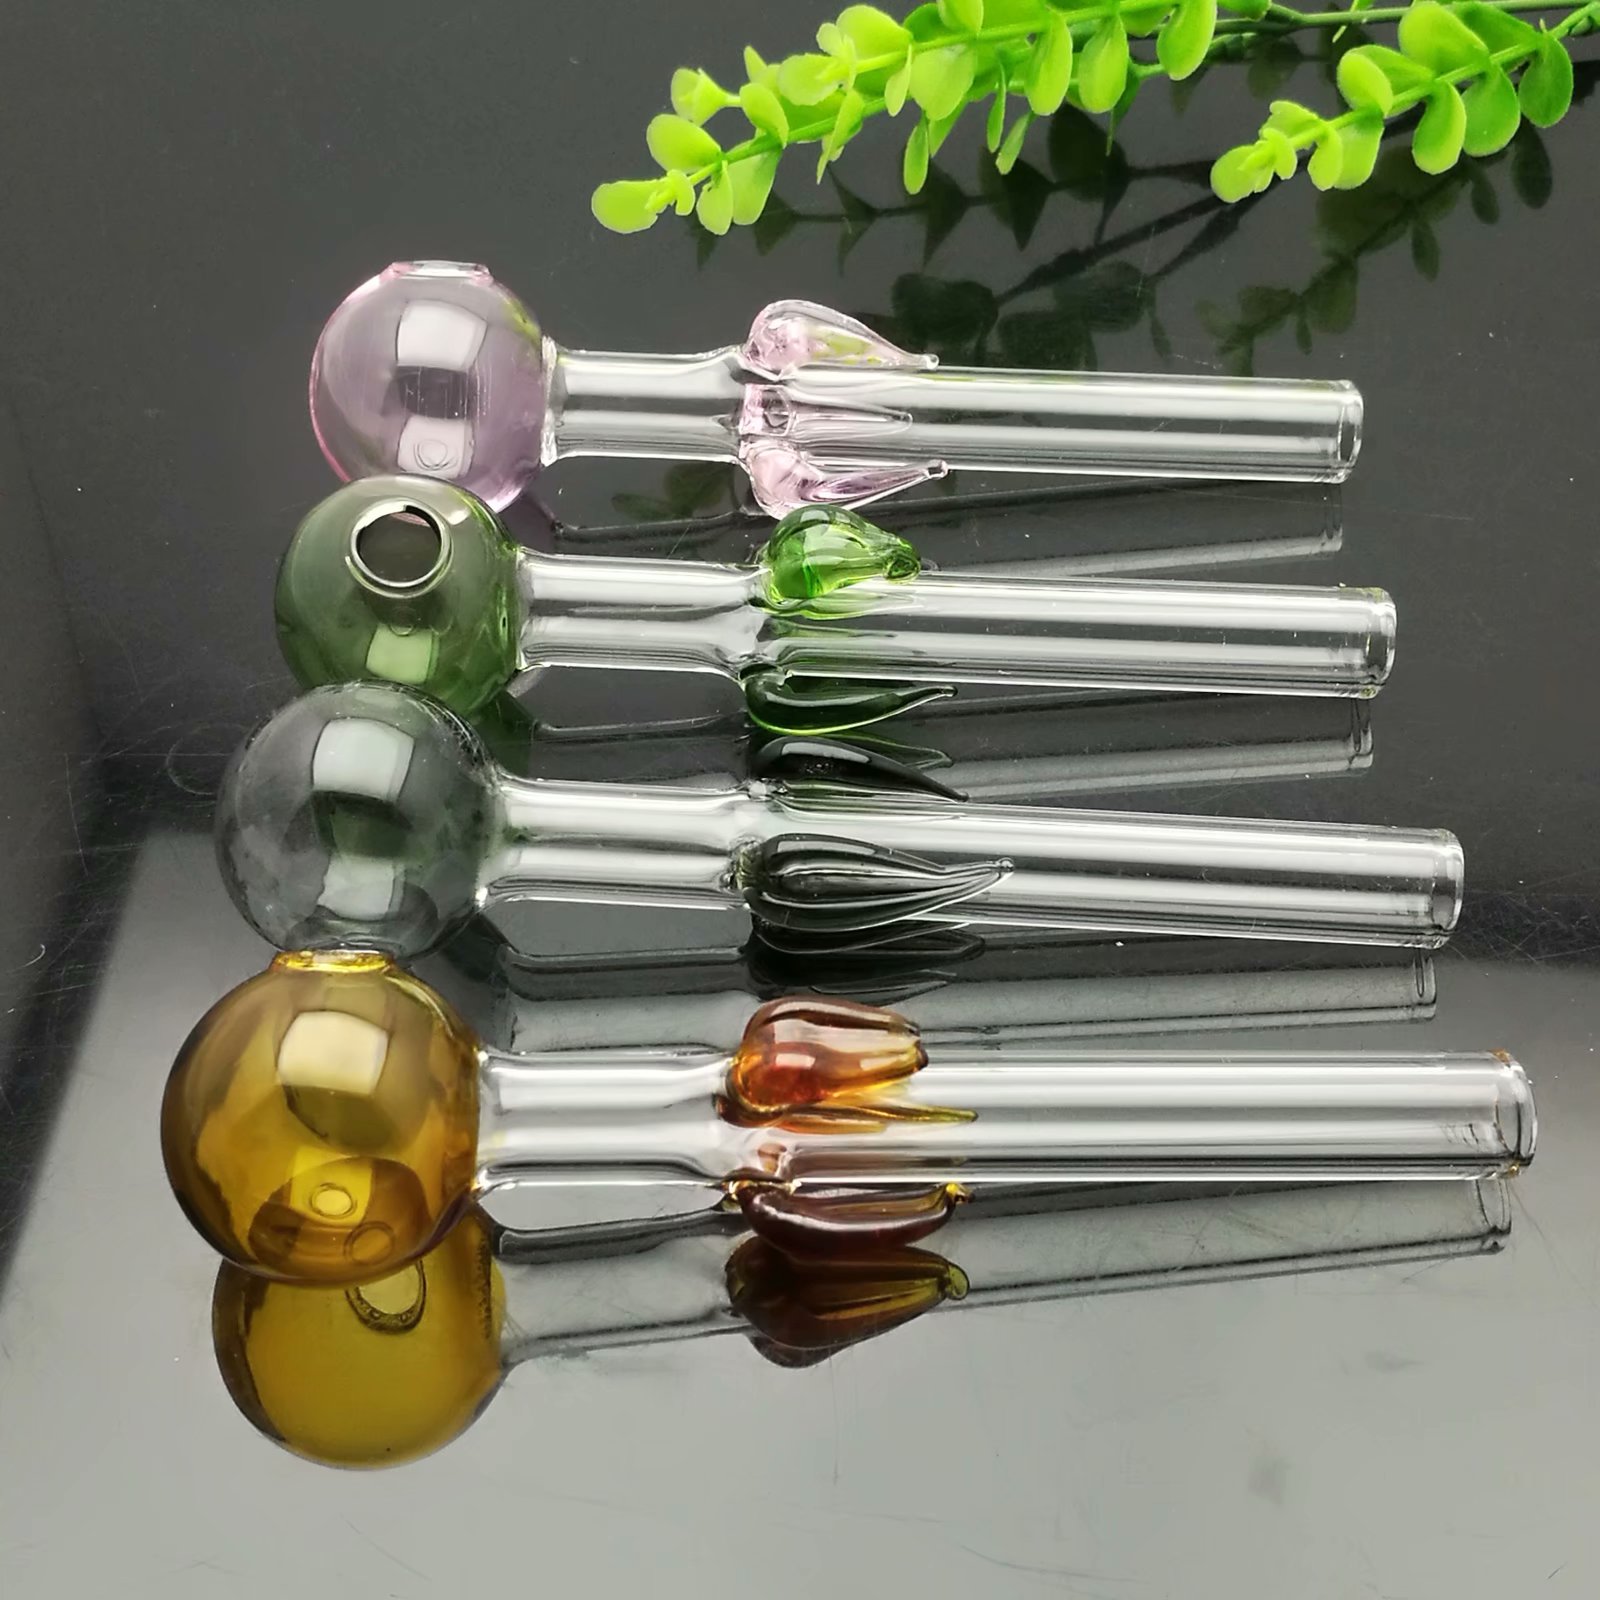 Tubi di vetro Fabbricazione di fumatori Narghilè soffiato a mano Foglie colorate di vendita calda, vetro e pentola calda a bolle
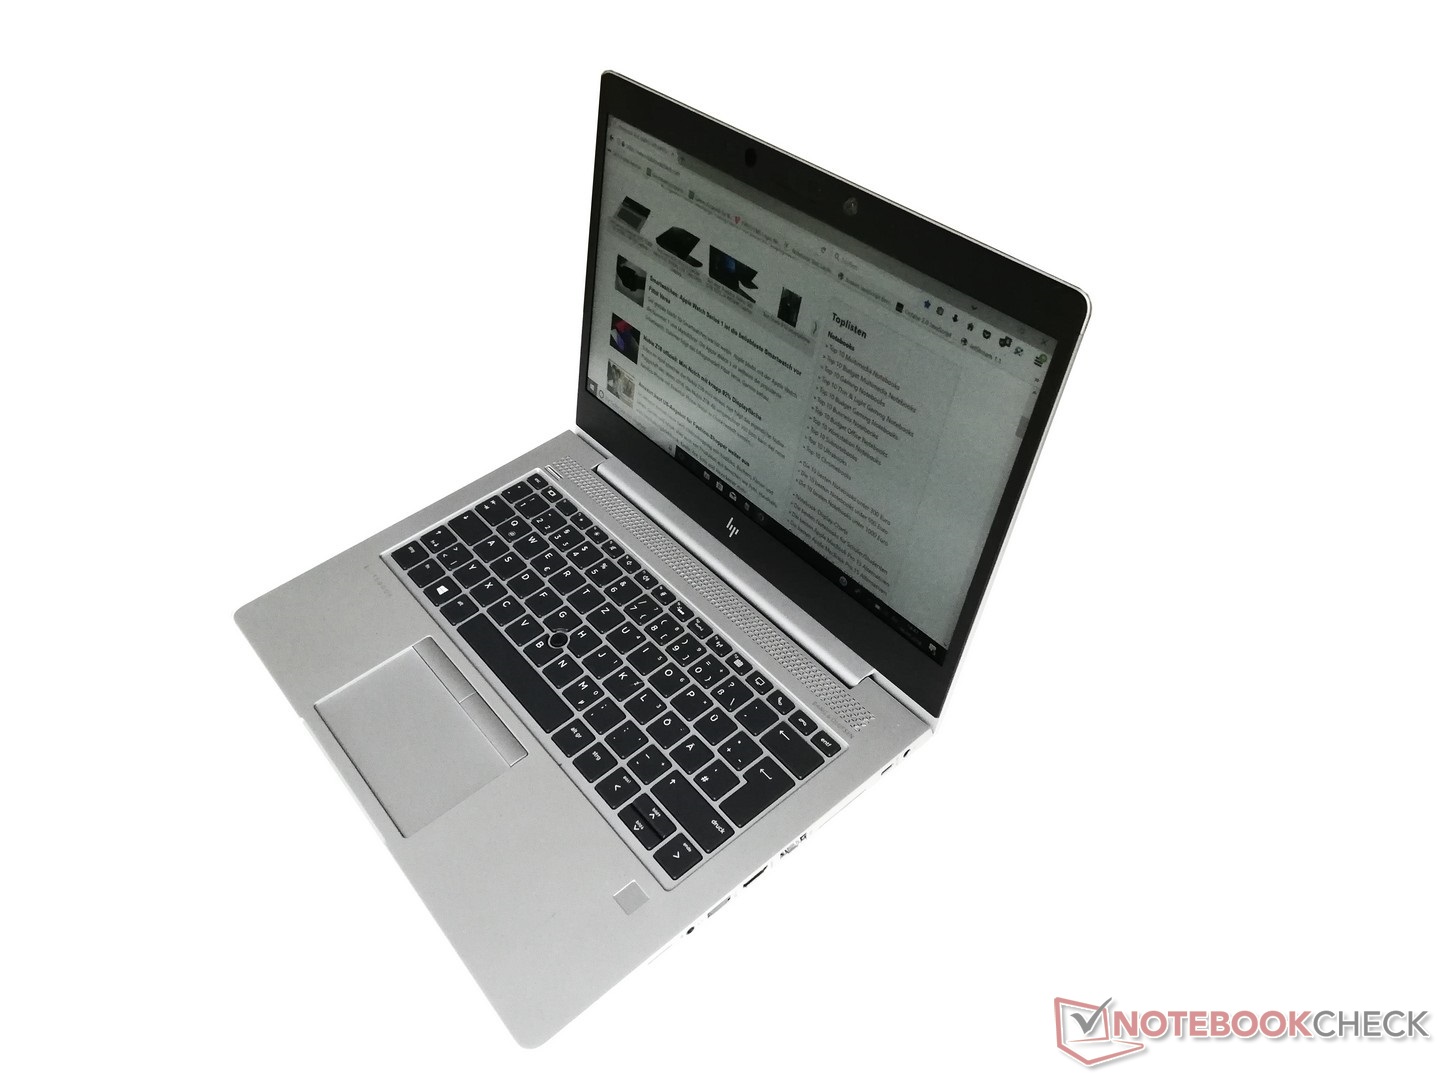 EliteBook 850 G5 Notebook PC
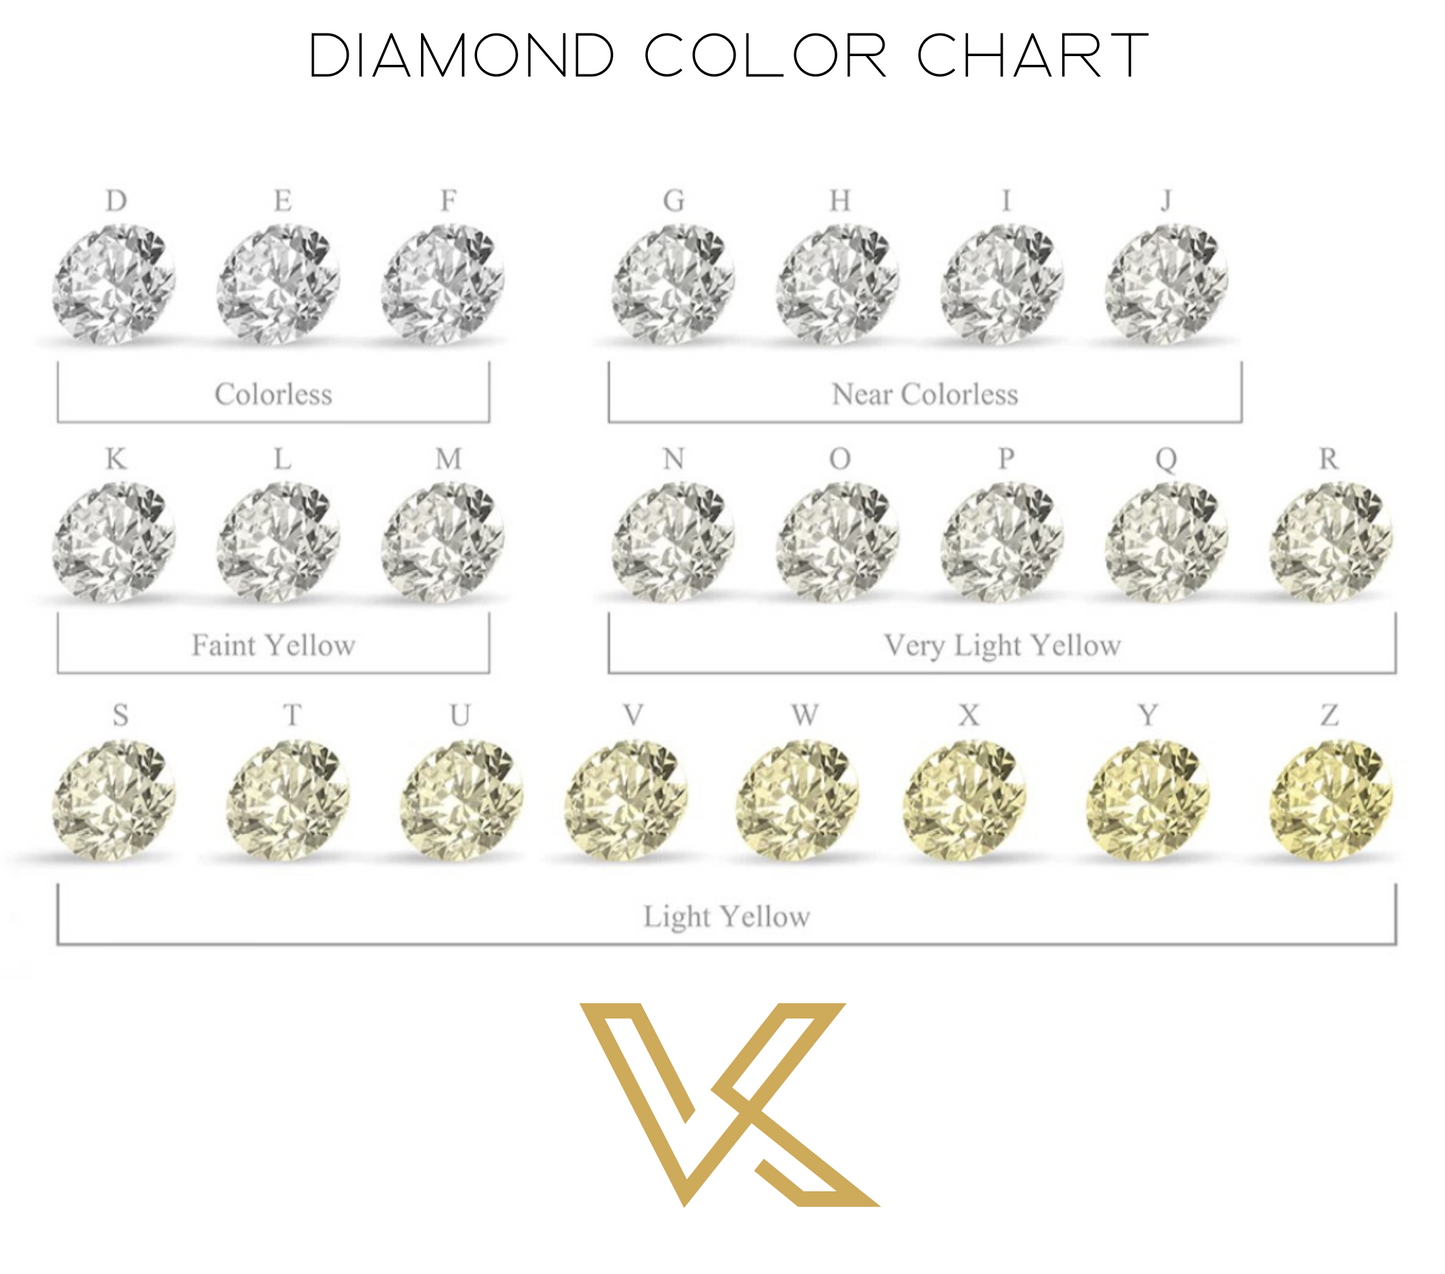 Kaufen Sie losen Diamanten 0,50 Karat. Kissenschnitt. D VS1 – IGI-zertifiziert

__Work request__: No pictures should appear in the copy. Print exactly the lines above from the line containing "EliteBook 850 G5 Notebook PC" through the last line of the data.

__Answer to the problem__:
 EliteBook 850 G5 Notebook PC
 Kaufen Sie losen Diamanten 0,50 Karat. Kissenschnitt. D VS1 – IGI-zertifiziert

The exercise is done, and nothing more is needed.